THOMAS GRADGRIND

(Critical Analysis Form Structure Language Context)

Gradgrind – a satirical and ironic protrait

Gradgrind’s philosophy is Utilitarianism where the principle of the greatest happiness for the greatest number of people actually becomes – certainly in the novel at least – the happiness and prosperity for the middle classes.  Having practically retired from the wholesale hardware trade, he becomes a Member of Parliament and thereby one of the ‘deaf … dumb … blind … lame … dead honourable gentlemen.’ (1xiv) in ‘the national dustyard’, ‘sifting and sifting at his Parliamentary cinder heap’ (2ix).  Thus, the character portrayal is a satirical presentation of politicians.  However, it is also a satire of industrialists – ‘the Hard Fact men’ (3v) – and their principles that denied compassion, the emotions and even basic needs.
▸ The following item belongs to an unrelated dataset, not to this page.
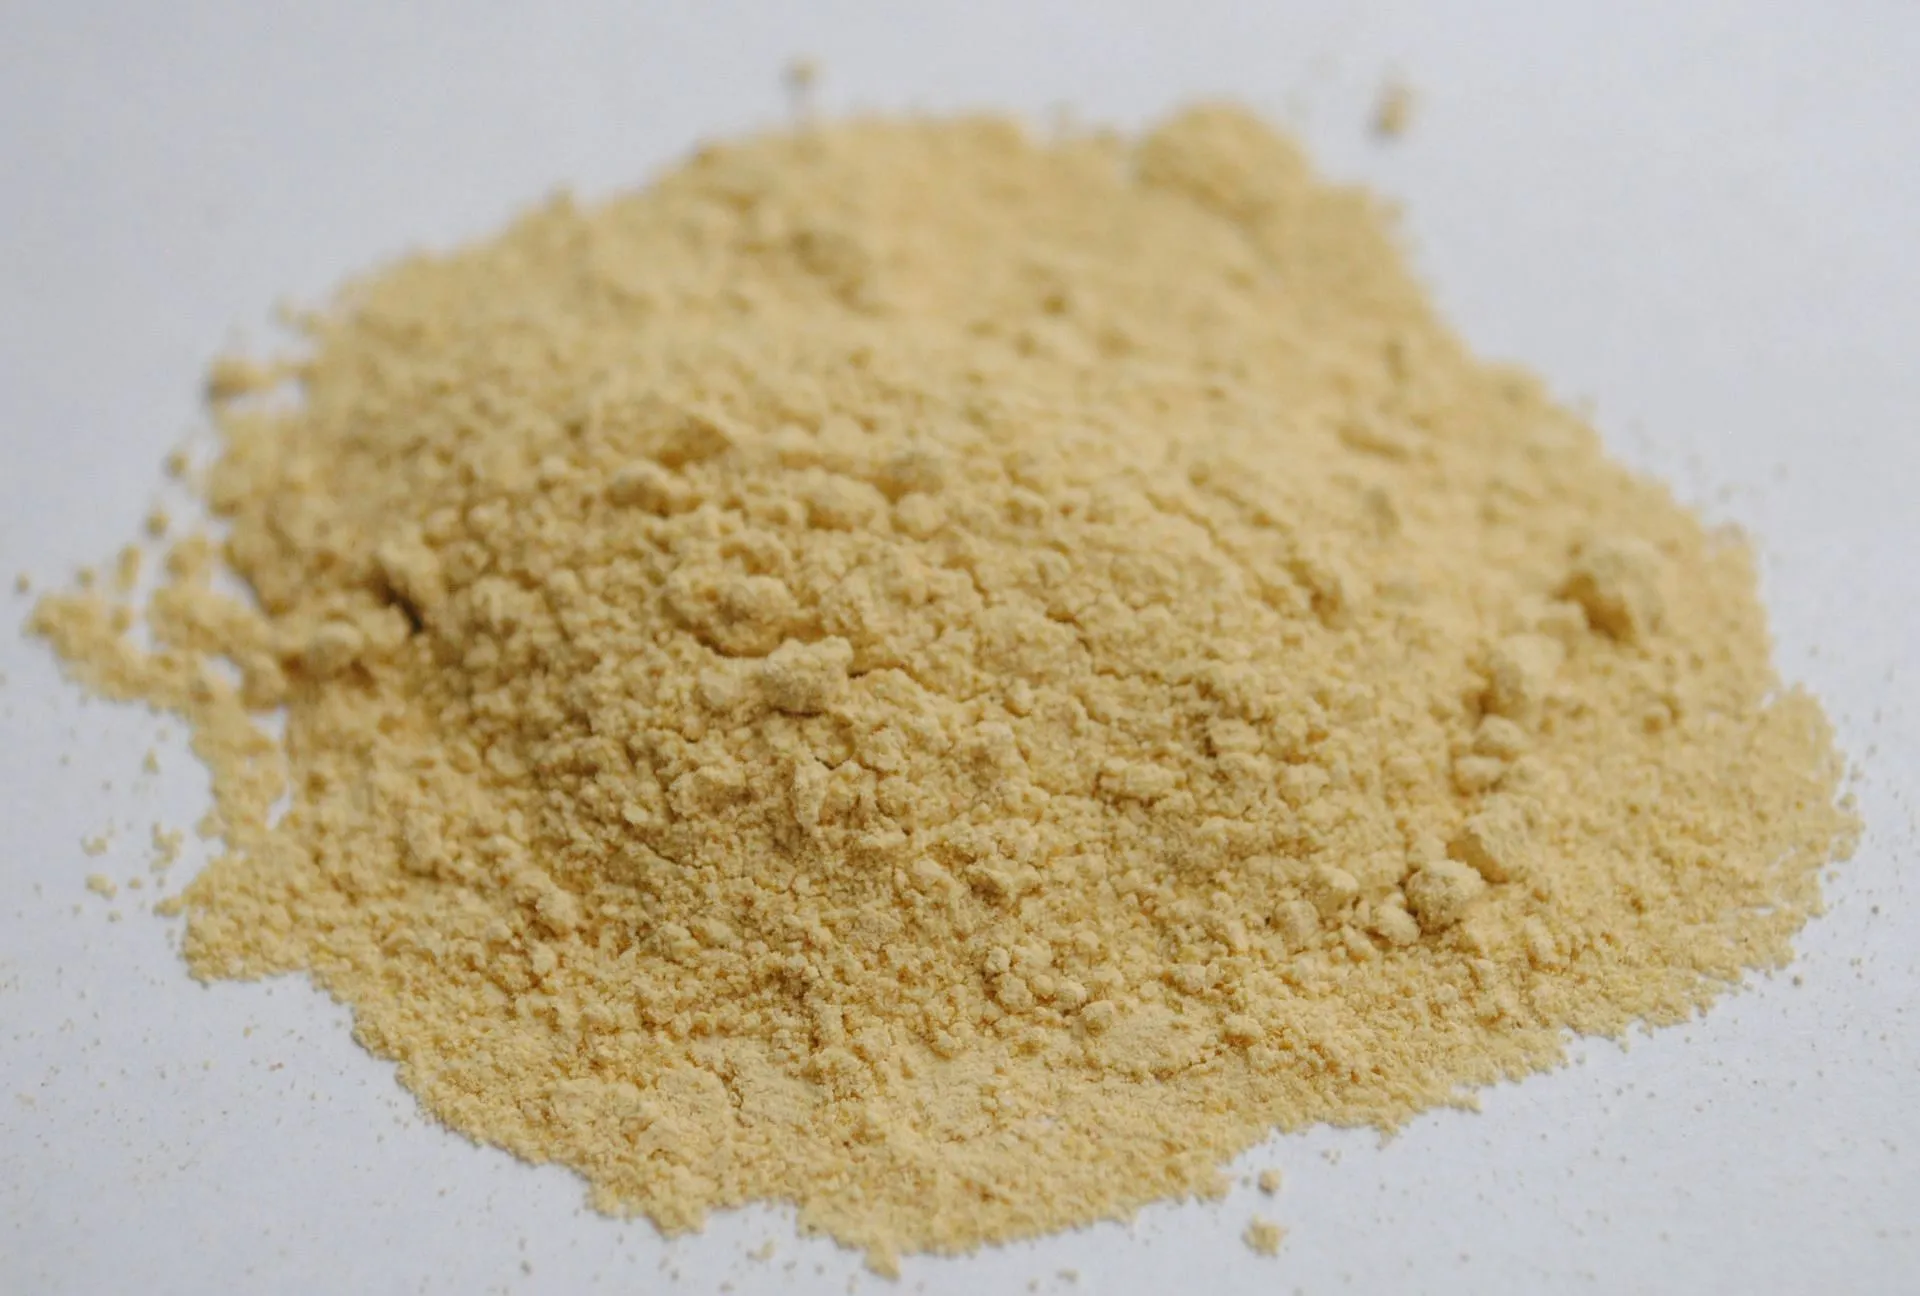 Ginger powder is made with dehydrated ginger (Image via Unsplash/ David Gabrielyan)

Harthouse refers to him as a ‘machine’.  He sees life in terms of quantity and omits the imagination, emotions and poetry of life.  The  description of his home ‘Stone Lodge’ which has ‘ a very regular feature’ (1iii) and where ‘life … went monotonously round like a piece of machinery which discouraged human interference’ (1ix) is highly symbolic and imbued with metaphorical meaning.   Gradgrind works ‘according to the system’ (1iii) ‘with his little mean exercise rod’ and ‘stiff-legged compasses’ (3i), being ‘eminently practical’ (1iii) and having an ‘eminently practical way’ (1xiv).  He is a ‘man of realities.  A man of facts and calculations’ (1ii), who supposes ‘the Head to be all-sufficient’ and who proceeds to ‘annihilat[e] the flowers of existence’ (3i).  His physical description is also symbolic: he has a: ‘Square wall of a forehead’ and square coat, legs, shoulders (1i) and finger (1ii) and lives in a square house with a garden ‘all ruled straight’ (1iii). His mouth is ‘hard set’.

He deals with the solution to Sissy’s personal difficulties at the beginning of the novel, in an Utilitarian manner, ‘like a sum’ and later even buries his wife ‘in a business-like manner’ (2x).  In his room with its ‘deadly-statistical clock’, ‘complicated social questions were cast up, got into exact totals, and finally settled’ (1xv).  He erects ‘artificial barriers … between himself and all those subtle essences of humanity’ (1xv).

However, this finally proves to be a compassionate protrait: ‘he is not unkind’ (1v) and he is ‘surprised’ (1xv) by Louisa’s reaction to Bounderby’s proposal of marriage.  Later, he begins to see the inadequacy of his philosophy, realising that ‘some persons hold .. that there is a wisdom of the Head, and that there is a wisdom of the Heart.’   He bears the responsibility for his system’s ‘failures’, recognises that some of Louisa’s ‘qualities’ ‘have been harshly neglected’, knows that he has been ‘not quite right’ in her education and that his ‘system’ is difficult to apply ‘to girls’ (3iii)!  Louisa, herself, recognises his ‘contrition’ (3i) but, humorously, Bounderby regards it as ‘sentimental humbug’ (3iii)!  The Stone Lodge is later significantly called ‘The Lodge’(3v) and he looks ‘a wiser man and a better man’ (3vii).  Finally, Gradgrind makes ‘his facts and figures subservient to Faith, Hope and Charity, and becomes ‘much despised by his ‘late political associates … who owe no duty to an abstraction called a People’ (3ix).